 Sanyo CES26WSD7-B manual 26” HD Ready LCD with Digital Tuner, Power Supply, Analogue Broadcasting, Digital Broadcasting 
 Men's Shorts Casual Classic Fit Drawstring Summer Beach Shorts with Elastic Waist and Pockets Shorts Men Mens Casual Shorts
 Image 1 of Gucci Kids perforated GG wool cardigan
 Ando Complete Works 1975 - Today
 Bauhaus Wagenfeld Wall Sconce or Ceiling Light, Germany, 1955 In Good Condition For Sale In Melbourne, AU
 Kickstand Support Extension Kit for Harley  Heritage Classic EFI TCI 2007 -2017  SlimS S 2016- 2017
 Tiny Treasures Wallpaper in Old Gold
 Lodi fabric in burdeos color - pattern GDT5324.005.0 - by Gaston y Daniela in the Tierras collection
——————
--- Task to complete ---
Using the material above, work out how many lines contain the string "Classic". Give that number alone.

--- Answer for the task ---
2